FineWeb: Decanting the Web for High-Quality Text Data at Scale

Models & Research

The Engineer

4 Jun 2024 · 3 min read

HuggingFace's FineWeb aims to bridge the gap in open-source language model training by offering a massive, high-quality text dataset derived from web crawls, surpassing existing benchmarks and boosting model performance.

Introduction

The performance of large language models (LLMs) is heavily influenced by the quality and size of their pretraining datasets. However, state-of-the-art open LLMs like Llama 3 and Mixtral have pretraining datasets that are not publicly available, leaving a gap in our understanding of how these models achieve their high performance.
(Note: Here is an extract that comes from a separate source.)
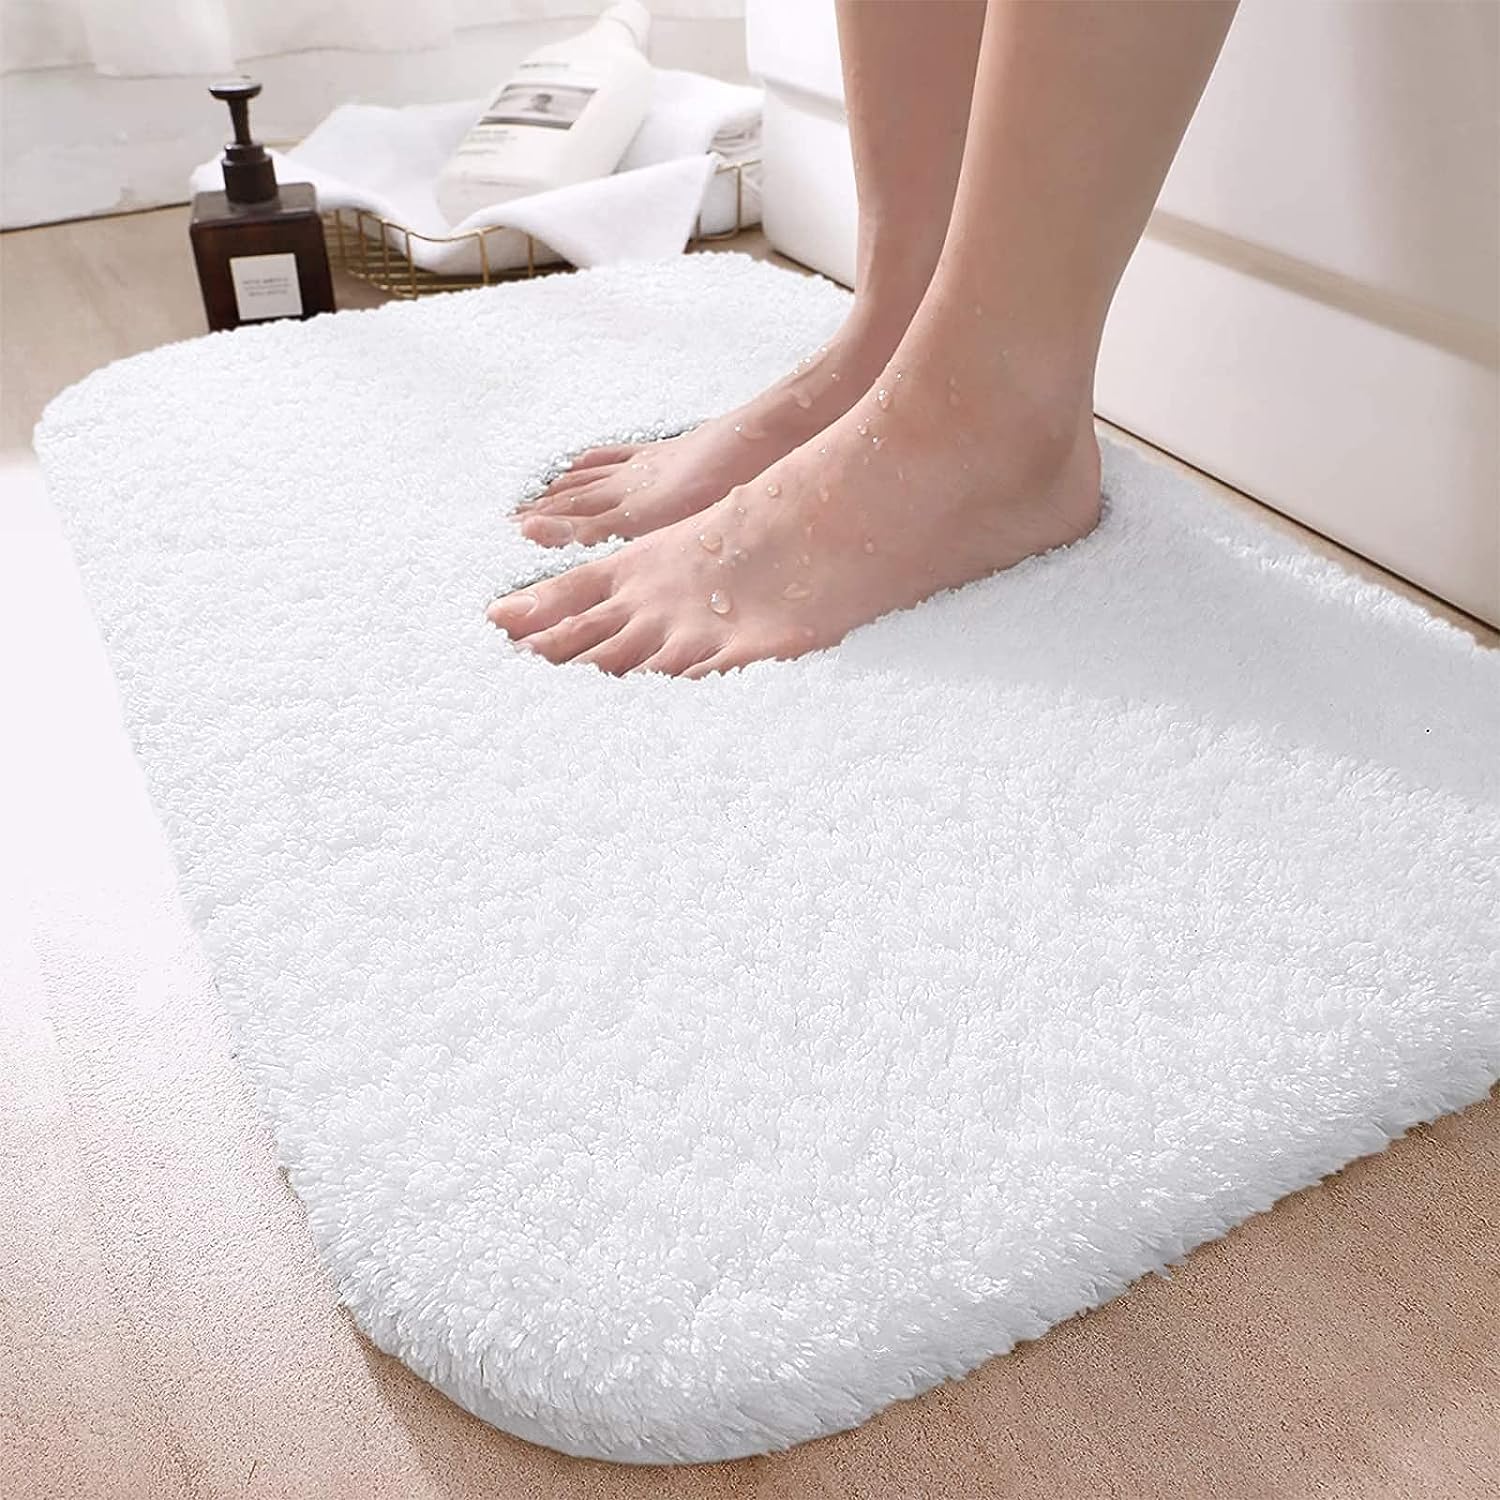 Bathroom Floor Mat

To address this, HuggingFace has released FineWeb (15 trillion tokens, 44TB disk space), a large-scale dataset derived from 96 CommonCrawl snapshots. FineWeb is designed to produce better-performing LLMs than other open pretraining datasets. This article delves into the technical details and design choices behind FineWeb, as well as its educational subset, FineWeb-Edu.

Web Data

Finding the Raw Data

The raw data for FineWeb comes from 96 snapshots of CommonCrawl, a massive repository of web data. These snapshots provide a broad and diverse source of text, but they also come with challenges such as noise, duplicates, and low-quality content. The team at HuggingFace tackled these issues through a series of preprocessing steps.

Preprocessing Steps

Deduplication: To remove duplicate content, the team used both exact and near-duplicate detection techniques. Exact deduplication ensures that identical documents are not included multiple times, while near-duplicate detection identifies and removes documents that are very similar but not identical.
Filtering: Filtering is crucial to ensure high-quality data. The team applied a multi-step filtering process:
- Language Identification: Only content in the target languages (primarily English) was retained.
- Quality Scores: Each document was assigned a quality score based on various metrics such as readability, sentence length, and grammatical correctness.
- Spam and Noise Removal: Documents that were identified as spam or contained excessive noise (e.g., boilerplate text, ads) were removed.
Sampling: To ensure a balanced dataset, the team used stratified sampling techniques. This involved dividing the data into different strata based on content type (e.g., news, blogs, scientific articles) and then sampling from each stratum to maintain diversity.

Dataset Performance

FineWeb has been shown to produce LLMs that outperform those trained on other open pretraining datasets. The team conducted extensive benchmarking to validate this claim:

Benchmarks: Models pretrained on FineWeb were evaluated on a variety of benchmarks, including GLUE, SuperGLUE, and MMLU. These models consistently outperformed their counterparts trained on other datasets.
Educational Value: To further assess the quality of the data, the team created a subset called FineWeb-Edu. This subset is specifically designed for educational content and has been shown to perform well on benchmarks like MMLU, ARC, and OpenBookQA.

FineWeb-Edu

FineWeb-Edu is a subset of FineWeb that focuses on high-quality educational content. It is available in two sizes:

1.3 trillion tokens: Very high educational content
5.4 trillion tokens: High educational content

The creation of FineWeb-Edu involved additional preprocessing steps to ensure the highest quality educational material:

Automated Annotations: The team used scalable automated techniques to annotate documents for educational value.
Content Selection: Documents were selected based on their relevance and quality for educational purposes.

Licensing

Both FineWeb and FineWeb-Edu are released under the permissive ODC-By 1.0 license, making them freely available for research and development.

Conclusion

FineWeb represents a significant step forward in creating high-quality pretraining datasets for LLMs. By carefully documenting and ablatively testing their design choices, the HuggingFace team has provided valuable insights into the process of creating large-scale web datasets. The availability of FineWeb and FineWeb-Edu will undoubtedly contribute to the advancement of machine learning research and the development of better-performing language models.